● **What the task asks**:
Restate the records below exactly. Pictures are not part of the copy.

Collected data entries

##########

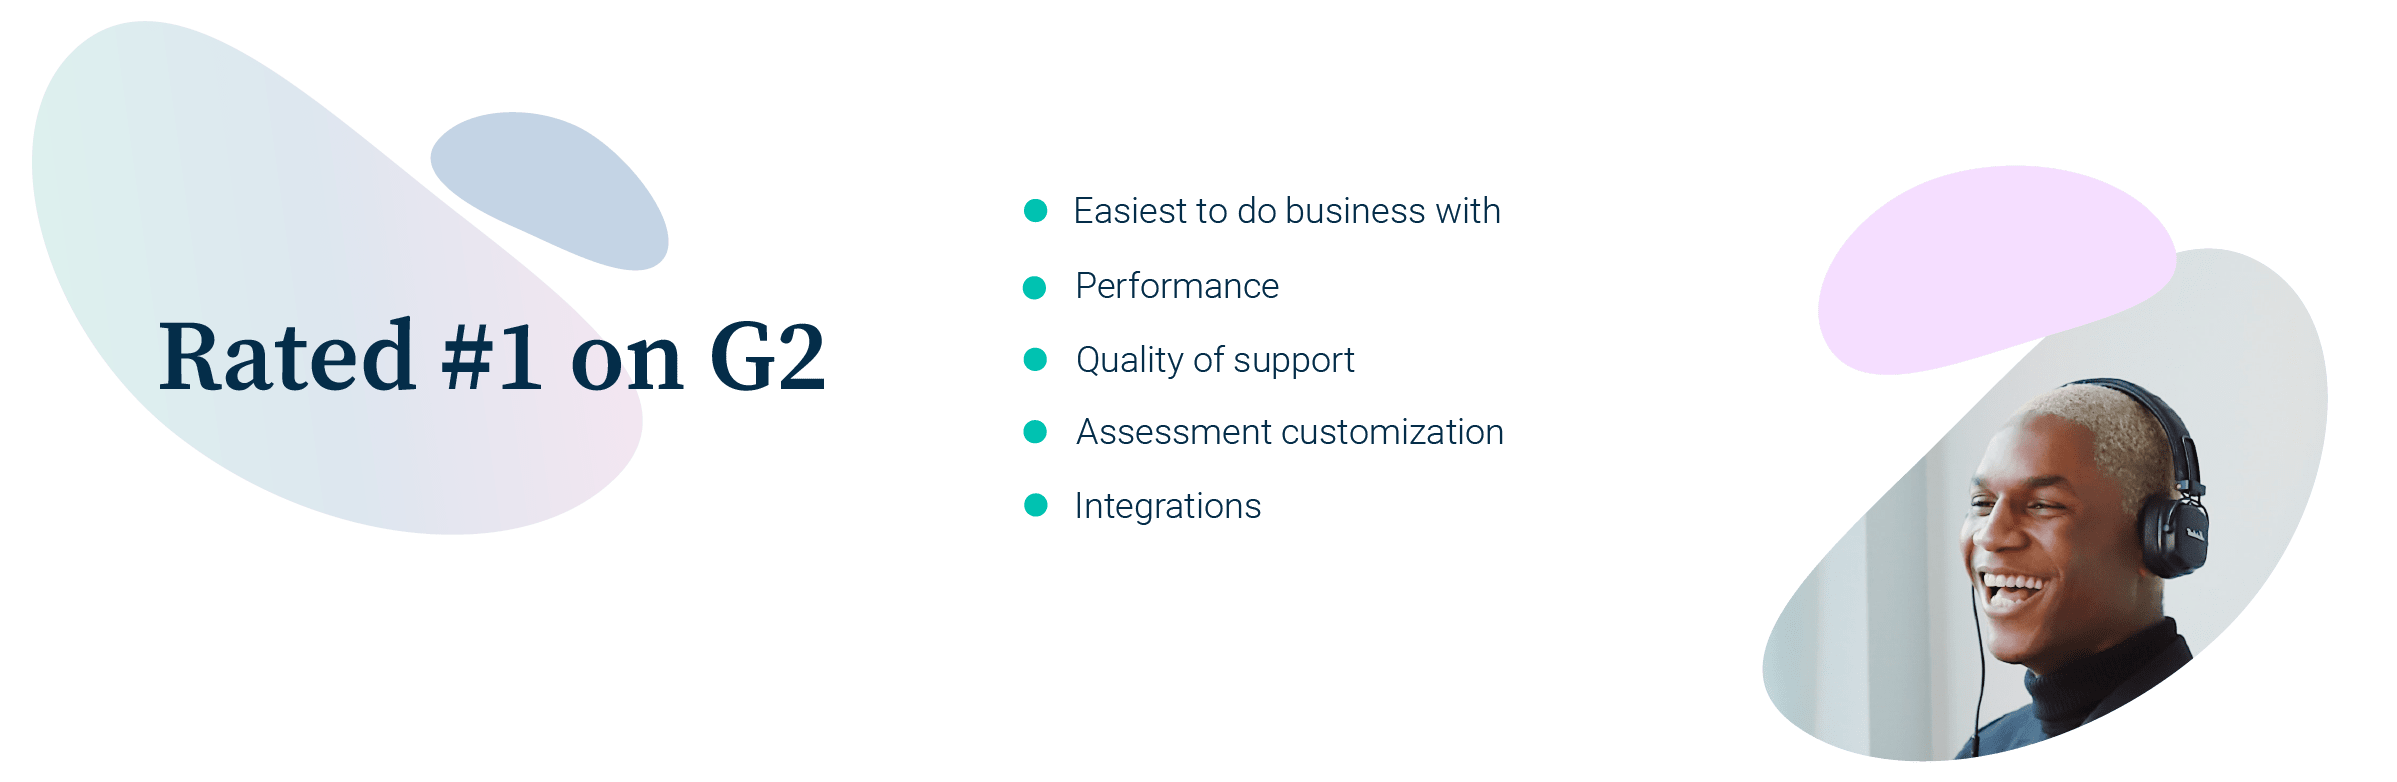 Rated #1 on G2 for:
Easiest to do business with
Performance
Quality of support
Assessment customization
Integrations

##########

● **Solution to this exercise**:
 Rated #1 on G2 for:
Easiest to do business with
Performance
Quality of support
Assessment customization
Integrations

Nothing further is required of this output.